YOUR ASSIGNMENT -
From the first line to the last, reproduce the records exactly as they appear below.

*** Opening of RECORDS SUPPLIED ***

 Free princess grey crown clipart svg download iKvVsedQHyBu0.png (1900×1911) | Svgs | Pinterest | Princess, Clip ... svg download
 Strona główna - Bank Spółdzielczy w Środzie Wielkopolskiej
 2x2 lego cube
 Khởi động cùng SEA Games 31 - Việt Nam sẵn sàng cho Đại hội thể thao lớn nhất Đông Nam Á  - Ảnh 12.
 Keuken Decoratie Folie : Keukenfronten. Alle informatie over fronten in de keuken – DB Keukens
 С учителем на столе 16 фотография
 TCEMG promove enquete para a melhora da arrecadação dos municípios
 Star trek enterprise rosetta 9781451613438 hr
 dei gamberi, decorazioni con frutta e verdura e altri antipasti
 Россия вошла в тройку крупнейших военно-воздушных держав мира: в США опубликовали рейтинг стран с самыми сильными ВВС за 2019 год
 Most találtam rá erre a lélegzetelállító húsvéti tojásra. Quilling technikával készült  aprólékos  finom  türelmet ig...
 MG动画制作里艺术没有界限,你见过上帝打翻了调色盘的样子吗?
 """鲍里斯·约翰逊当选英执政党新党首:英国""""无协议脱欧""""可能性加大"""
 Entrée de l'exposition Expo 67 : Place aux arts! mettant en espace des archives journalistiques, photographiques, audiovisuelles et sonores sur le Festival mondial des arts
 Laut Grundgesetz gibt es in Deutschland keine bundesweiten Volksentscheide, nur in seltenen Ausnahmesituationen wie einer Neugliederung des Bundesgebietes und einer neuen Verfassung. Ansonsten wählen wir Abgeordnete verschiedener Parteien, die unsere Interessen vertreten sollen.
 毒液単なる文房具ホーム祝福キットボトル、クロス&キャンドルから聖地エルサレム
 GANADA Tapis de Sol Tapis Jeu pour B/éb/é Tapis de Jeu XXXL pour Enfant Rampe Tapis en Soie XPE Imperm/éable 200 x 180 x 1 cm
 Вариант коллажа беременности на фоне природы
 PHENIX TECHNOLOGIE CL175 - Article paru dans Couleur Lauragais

*** Close of RECORDS SUPPLIED ***

ANSWER FOR THIS EXERCISE -
 Free princess grey crown clipart svg download iKvVsedQHyBu0.png (1900×1911) | Svgs | Pinterest | Princess, Clip ... svg download
 Strona główna - Bank Spółdzielczy w Środzie Wielkopolskiej
 2x2 lego cube
 Khởi động cùng SEA Games 31 - Việt Nam sẵn sàng cho Đại hội thể thao lớn nhất Đông Nam Á  - Ảnh 12.
 Keuken Decoratie Folie : Keukenfronten. Alle informatie over fronten in de keuken – DB Keukens
 С учителем на столе 16 фотография
 TCEMG promove enquete para a melhora da arrecadação dos municípios
 Star trek enterprise rosetta 9781451613438 hr
 dei gamberi, decorazioni con frutta e verdura e altri antipasti
 Россия вошла в тройку крупнейших военно-воздушных держав мира: в США опубликовали рейтинг стран с самыми сильными ВВС за 2019 год
 Most találtam rá erre a lélegzetelállító húsvéti tojásra. Quilling technikával készült  aprólékos  finom  türelmet ig...
 MG动画制作里艺术没有界限,你见过上帝打翻了调色盘的样子吗?
 """鲍里斯·约翰逊当选英执政党新党首:英国""""无协议脱欧""""可能性加大"""
 Entrée de l'exposition Expo 67 : Place aux arts! mettant en espace des archives journalistiques, photographiques, audiovisuelles et sonores sur le Festival mondial des arts
 Laut Grundgesetz gibt es in Deutschland keine bundesweiten Volksentscheide, nur in seltenen Ausnahmesituationen wie einer Neugliederung des Bundesgebietes und einer neuen Verfassung. Ansonsten wählen wir Abgeordnete verschiedener Parteien, die unsere Interessen vertreten sollen.
 毒液単なる文房具ホーム祝福キットボトル、クロス&キャンドルから聖地エルサレム
 GANADA Tapis de Sol Tapis Jeu pour B/éb/é Tapis de Jeu XXXL pour Enfant Rampe Tapis en Soie XPE Imperm/éable 200 x 180 x 1 cm
 Вариант коллажа беременности на фоне природы
 PHENIX TECHNOLOGIE CL175 - Article paru dans Couleur Lauragais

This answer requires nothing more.